Published: 17 June 2009



Malignant gastric outlet obstruction (GOO) is commonly seen in patients with advanced gastric-, pancreatic-, duodenal, hepatobiliary or metastatic malignancies. Ten to 25% of patients with pancreatic cancer will develop duodenal obstruction during the course of the disease. Duodenal stenting with self-expandable metal stents is an alternative treatment to surgical bypass procedures. Our aim was to review the published literature regarding treatment of malignant GOO with stents to reveal whether the information provided is sufficient to evaluate the clinical effects of this treatment


A literature search from 2000 – 2007 was conducted in Pub Med, Embase, and Cochrane library, combining the following search terms: duodenal stent, malignant duodenal obstruction, gastric outlet obstruction, SEMS, and gastroenteroanastomosis.
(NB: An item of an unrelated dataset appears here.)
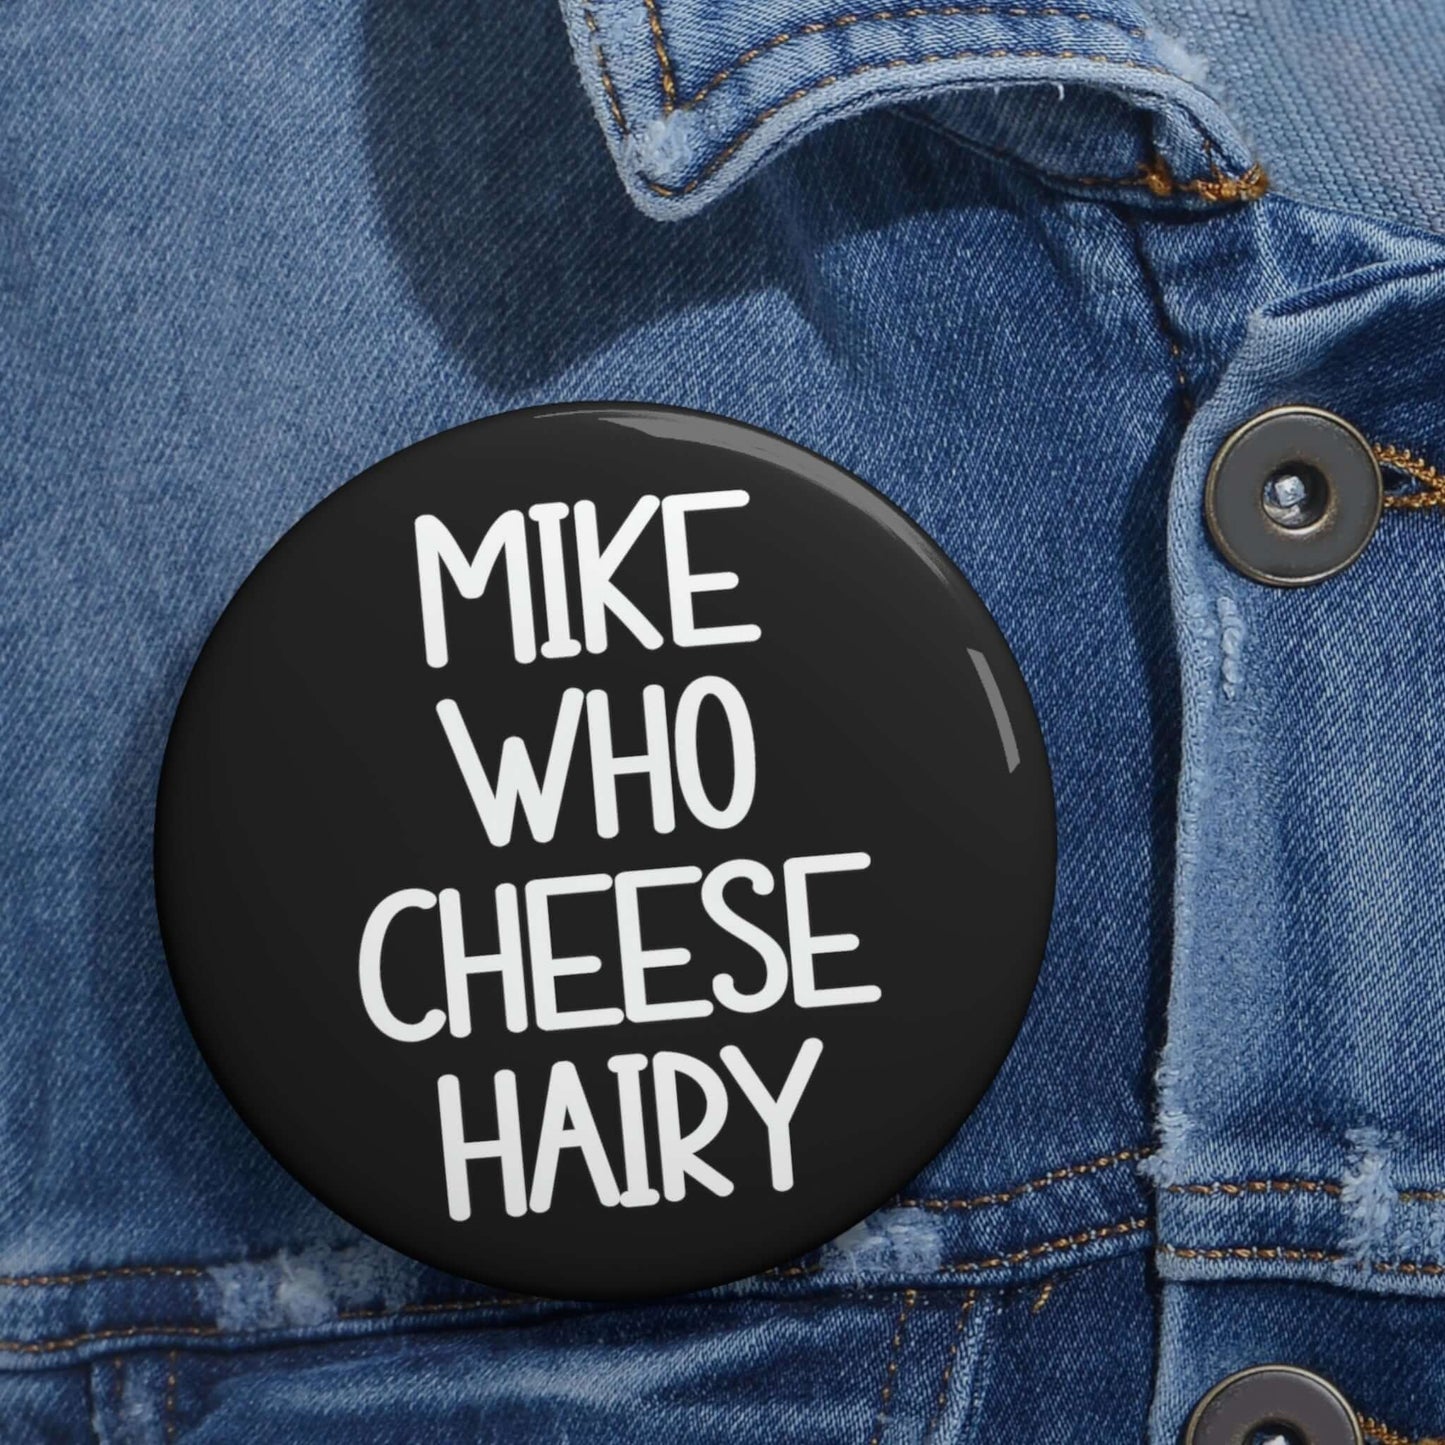 Mike who cheese hairy pinback button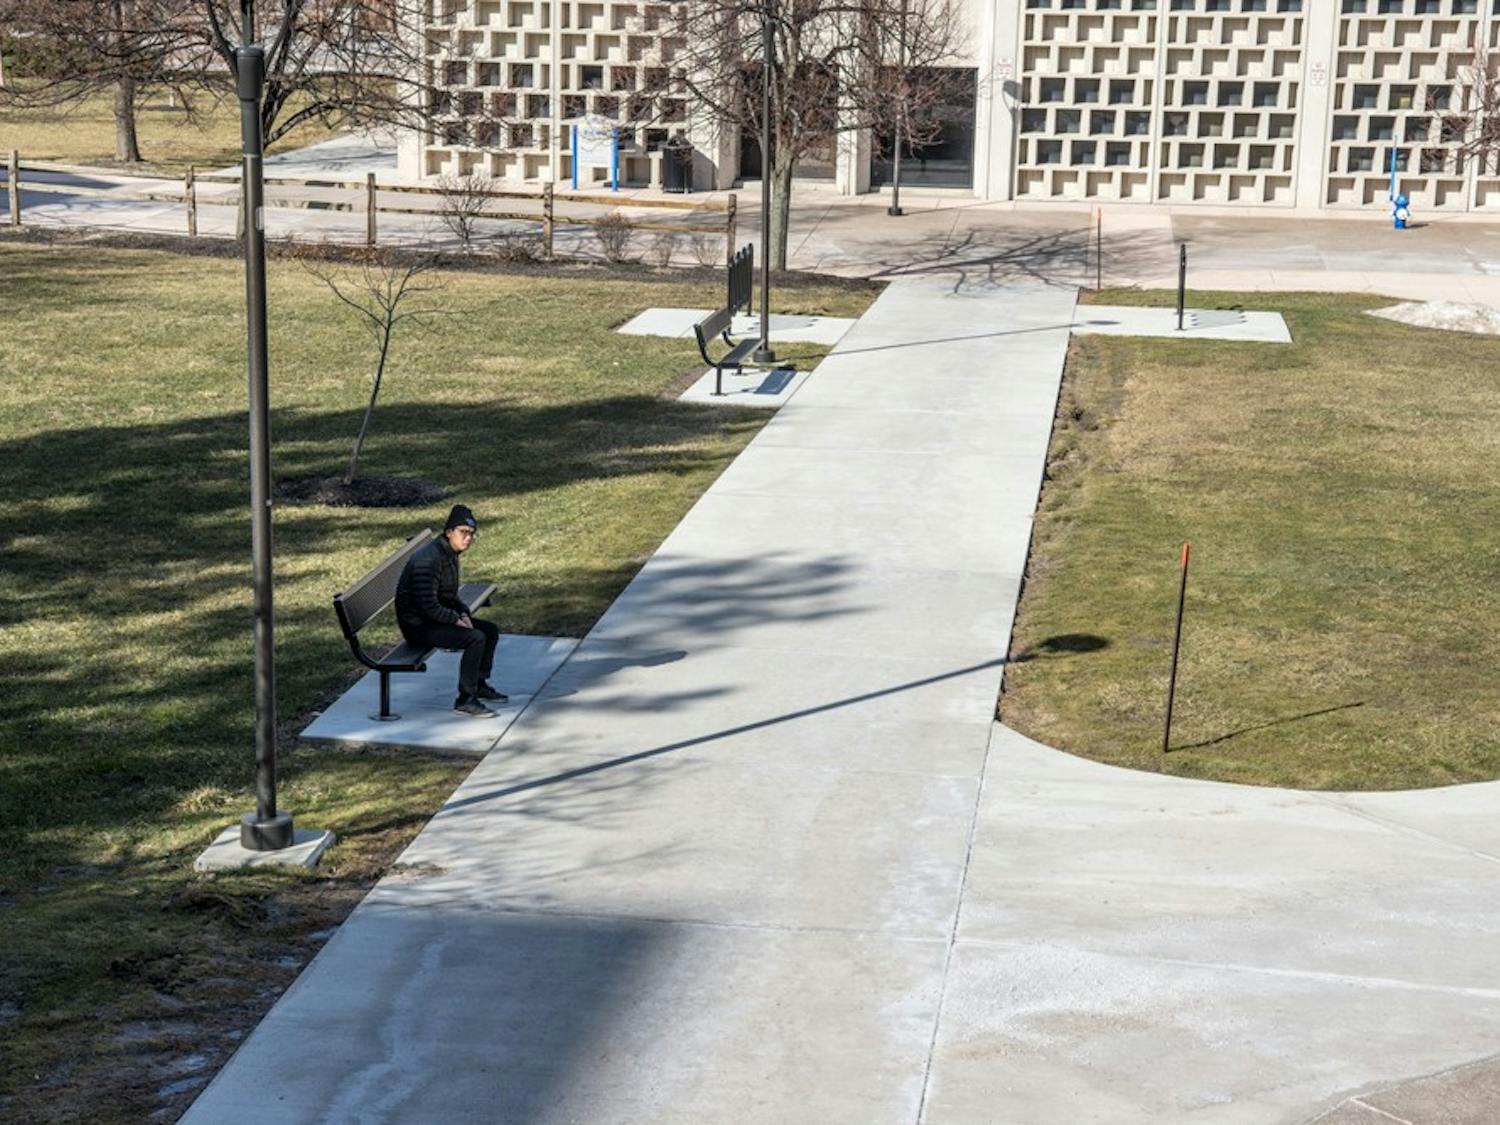 While some students choose to go away for spring break, others choose to stay on campus&nbsp;- free of charge - provided they submit a request to Campus Living in advance.

All publications presenting data with ≥ 15 patients and only articles written in English were included and a review focusing on the following parameters were conducted: 1) The use of graded scoring systems evaluating clinical success; 2) Assessment of Quality of life (QoL) before and after treatment; 3) Information on stent-patency; 4) The use of objective criteria to evaluate the stent effect.


41 original papers in English were found; no RCT's. 16 out of 41 studies used some sort of graded scoring system. No studies had objectively evaluated QoL before or after stent treatment, using standardized QoL-questionnaires, 32/41 studies reported on stent patency and 9/41 performed an oral contrast examination after stent placement. Objective quantitative tests of gastric emptying had not been performed.


Available reports do not provide sufficient relevant information of the clinical outcome of duodenal stenting. In future studies, these relevant issues should be addressed to allow improved evaluation of the effect of stent treatment.